Do we learn better when someone just tells us something or when we have an experience that we deeply understand? Would you understand how an engine worked better if I just told you about the parts, or if you took an engine apart and put it back together? Math instruction is better when students can make meaning in the math classroom. Learning is better when students expect to understand and are willing to “fight” until they do understand.

With 1,200 thumbs-ups and more shares, Ms. Cotler again, as she did with the previous posts, patiently responded to commenters. One had this to say:

I don’t believe this debate is about mathmatics, or hands on experiences. It’s about teaching todays youth about problem solving and learning to solve problems on their own with the tools they have at their desposal. People don’t have to think any more, they have technology to do it for them. In todays society where instant gratifaction is expected from everyone for everything they do, shortcuts are often created and problems get solved without knowing why or how it was solved. It seems today that knowing the answer to a problem is all that’s required, and it doesn’t matter how we find it as long as it’s found quickly. I don’t believe that we as educators, or parents or religious leaders are doing enough to teach our youth how to think for themselves, and make sound decisions, and that makes me sad. For all of you who are about to rip me apart for my coments,just know that I wasn’t talking about you, i’m refering to the hundreds of million other people on the planet.

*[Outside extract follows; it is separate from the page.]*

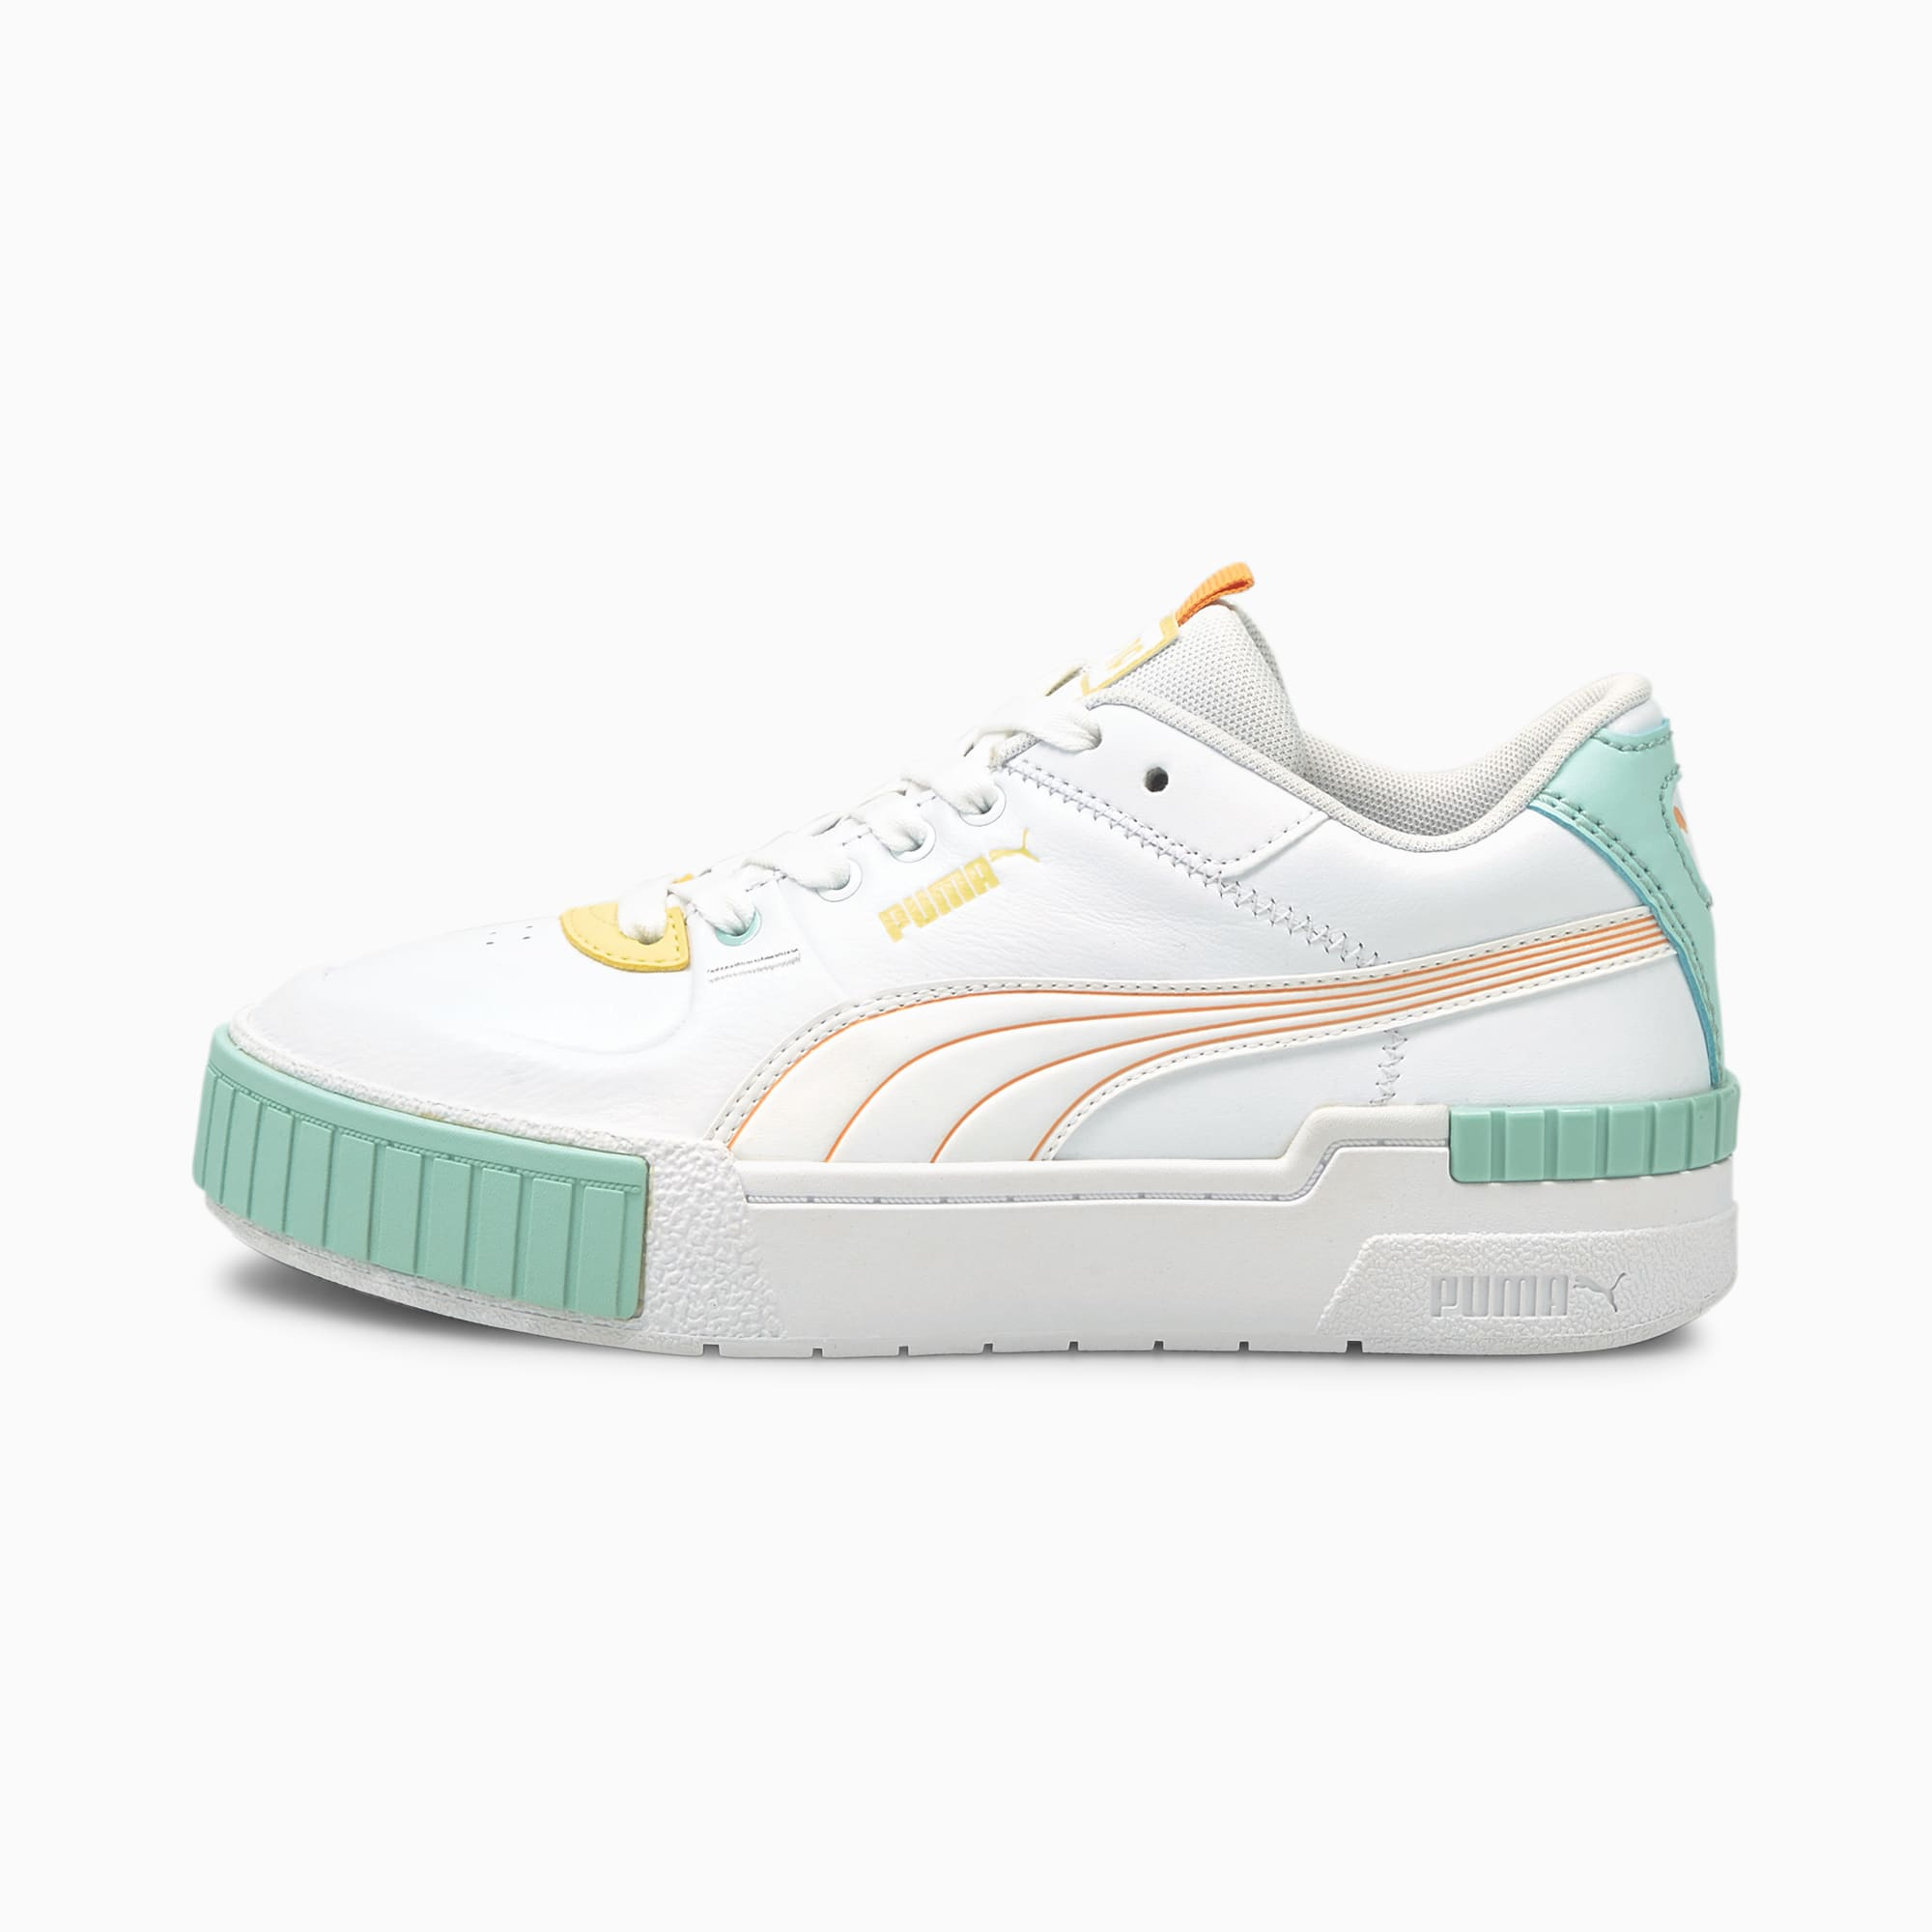 Cali Sport Pastel Mix sneakers dames, Wit/Roze, Maat 38,5   PUMA
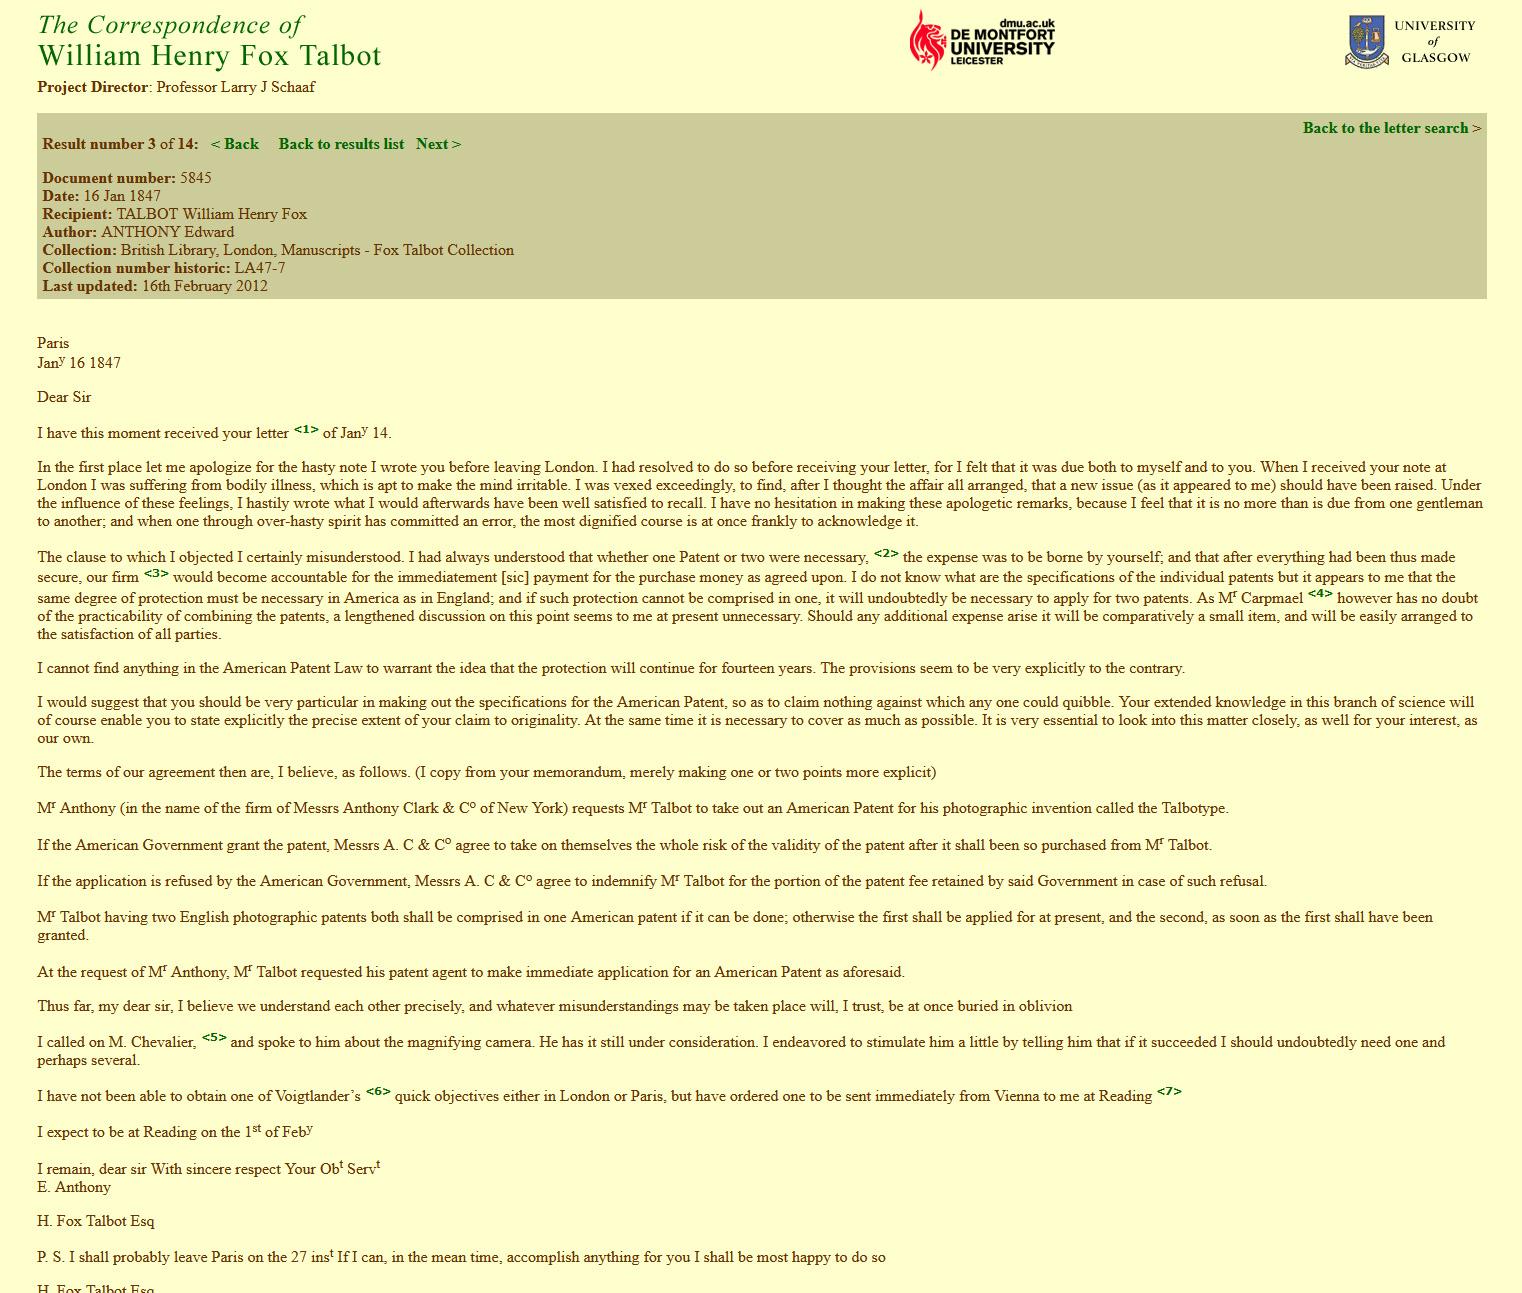 Correspondence from Talbot to Edward Anthony

To which Ms. Cotler wrote:

Fascinating. The new Smarter Balanced tests in California ask students to explain how they got their answers in math. It’s going to be really interesting seeing how students manage this expectations and how teachers try and prepare them to explain their thinking.

For anyone interested in this subject — and obviously it is indeed a hot-button issue for many — reading through the hundreds of comments is an eye-opener about something that was meant to help students.

For an explanation of Common Core, see here. Below is a brief explanation of how and why:

Two big, complex problems. First, American students are middle-of-the-road at best on academic skills when compared to other countries on international tests. Policymakers and business leaders hope that tougher standards will help the US catch up globally.

Second, under the old system, it was hard to compare students in different states. Until now, each state set its own standards for what students should understand at each grade level, and each state had a different definition for what it meant to be “proficient” in math and reading.

The US Education Department’s statisticians found a lot of variation when they mapped state standards onto scores on the National Assessment of Educational Progress. That test is called the “Nation’s Report Card” — a standardized test students take nationally every few years. They also found that even students who met state goals might not actually be doing all that well, since the national exam set the bar higher than states did. In the federal government’s eyes, all states had standards that were too low, and there was too much variation on how low they were.